Fit your model and save it using pickle.dump().

from sklearn import ensemble
from sklearn import datasets

# fit the model
clf = ensemble.HistGradientBoostingClassifier()
X, y = datasets.load_iris(return_X_y=True)
clf.fit(X, y)

# Here you can replace pickle with joblib
from pickle import dump
with open("filename.pkl", "wb") as f:
    dump(clf, f, protocol=5)

In another script, load the model with pickle.load() and use .predict() as usual.
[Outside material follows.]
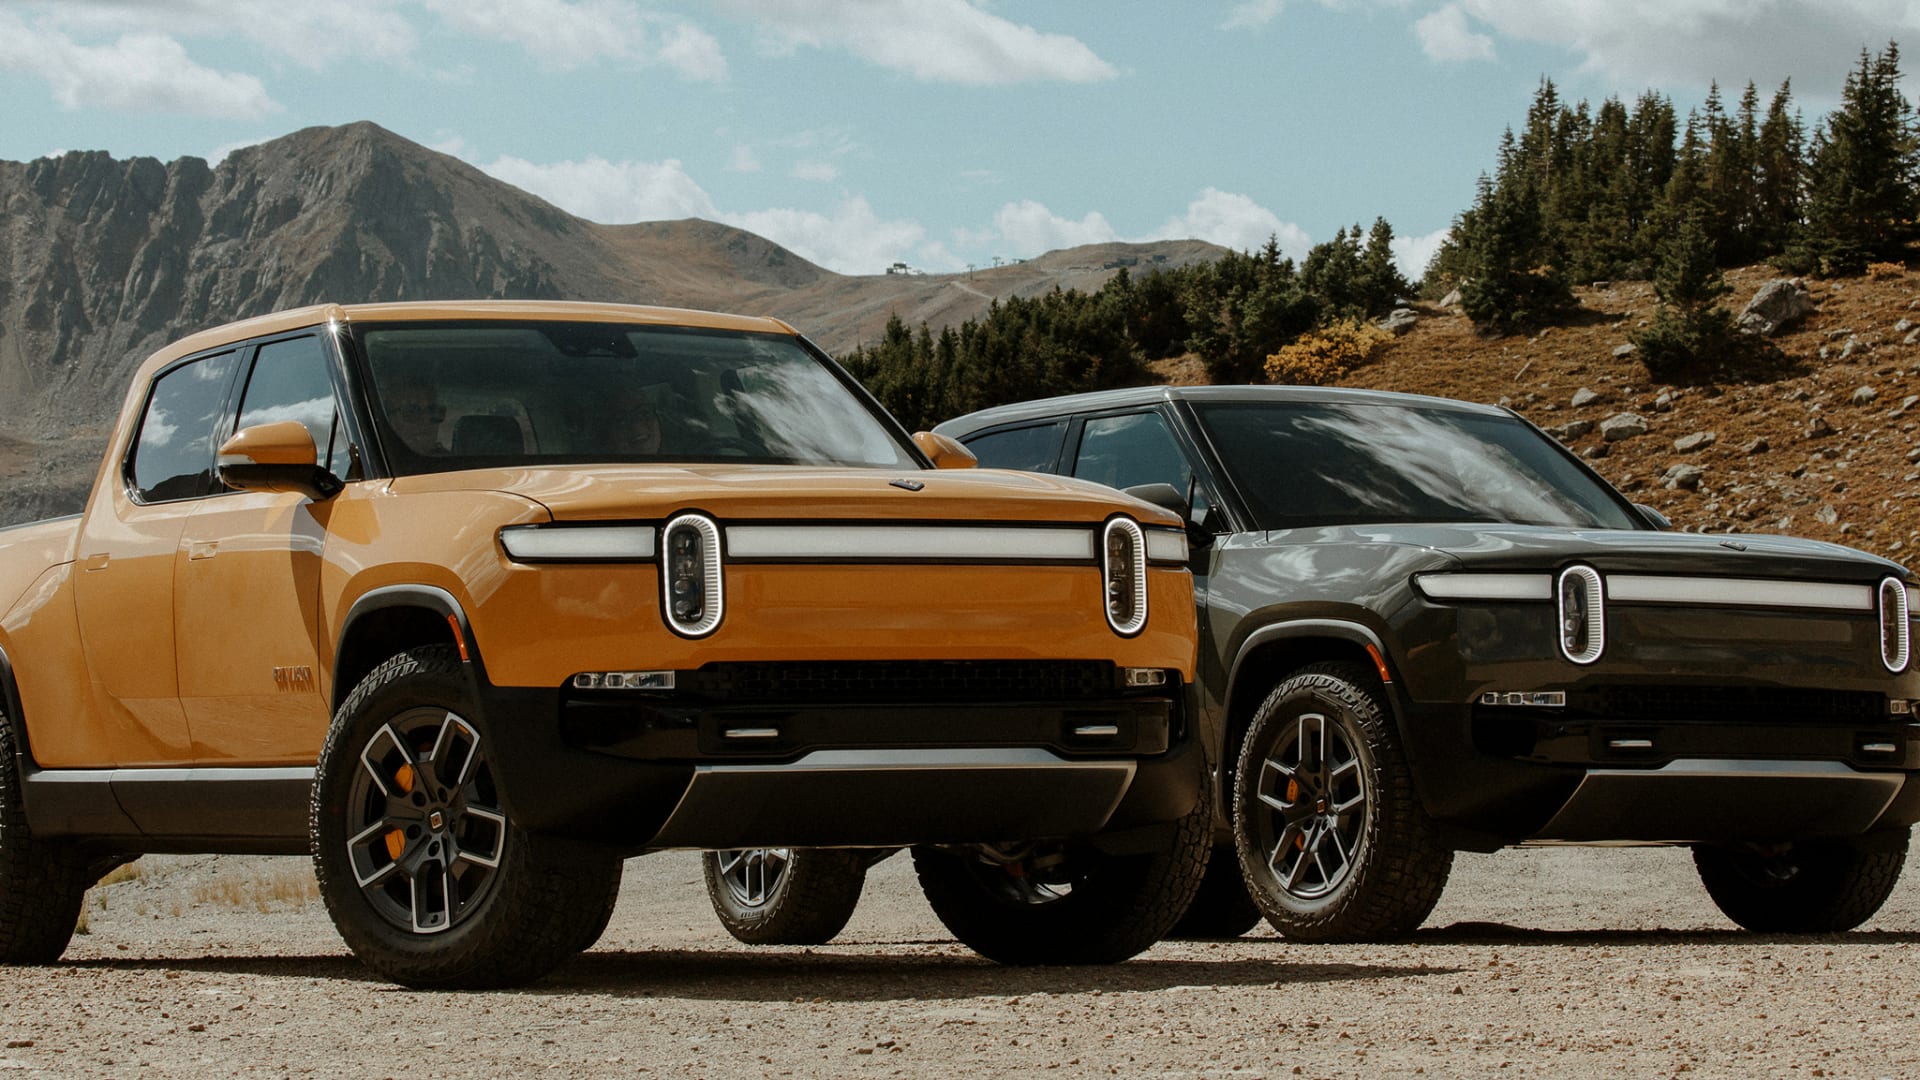 The 2022 Rivian R1T.

# Here you can replace pickle with joblib
from pickle import load
with open("filename.pkl", "rb") as f:
    clf = load(f)

This approach preserves the model state and allows you to generate predictions in any script after loading.

Evaluation criteria

Category	Less developed projects	Typical projects	More developed projects
Objectives	Objective is not clearly stated or significantly limits potential analysis.	Clearly states the objective(s), which have moderate potential for relevant impact.	Clearly states complex objective(s) that leads to significant potential for relevant impact.
Data description	Simple description of some aspects of the dataset, little consideration for sources. The description is missing answers to applicable questions detailed in the “Datasheets for Datasets” paper.	Answers all relevant questions in the “Datasheets for Datasets” paper.	All expectations of typical projects + credits and values data sources.
Decisions based on EDA	Identifies minimal actions taken during the modeling stage based on the results of the EDA. Actions are unlikely to effect predictions.	Identifies concrete actions taken during the modeling stage based on the results of the EDA.	All expectations of typical projects + actions demonstrate deliberate and careful analysis of the exploratory analysis.
Resampling strategy	Does not use resampling methods (or an inappropriate method) to ensure robust model evaluation.	Selects an appropriate resampling strategy.	All expectations of typical projects + provides a thorough justification for the resampling strategy.
Modeling strategies	Includes only simplistic models. Does not demonstrate understanding of the types of models covered in the course. Feature engineering steps are non-existent. Does not select evaluation metrics or metrics are not appropriate to the objective(s) + models.	Identifies several modeling strategies which could generate a high-performance model. Documents relevant feature engineering steps to be evaluate for specific modeling strategies. Steps are selectively applied to appropriate models. Evaluation metrics are appropriate for the objective(s) + models.	All expectations of typical projects + provides thorough explanation for the models/feature engineering/metrics. Shows care in selecting their methods.
Initial results	Only reports results of null model. Results are presented in a disjointed or uninterpretable manner.	Reports the results of some (but not all) of their modeling strategies. Results are presented in a clear and interpretable manner.	Reports the results of the majority of their modeling strategies. Results are effectively communicated through the use of tables and/or figures.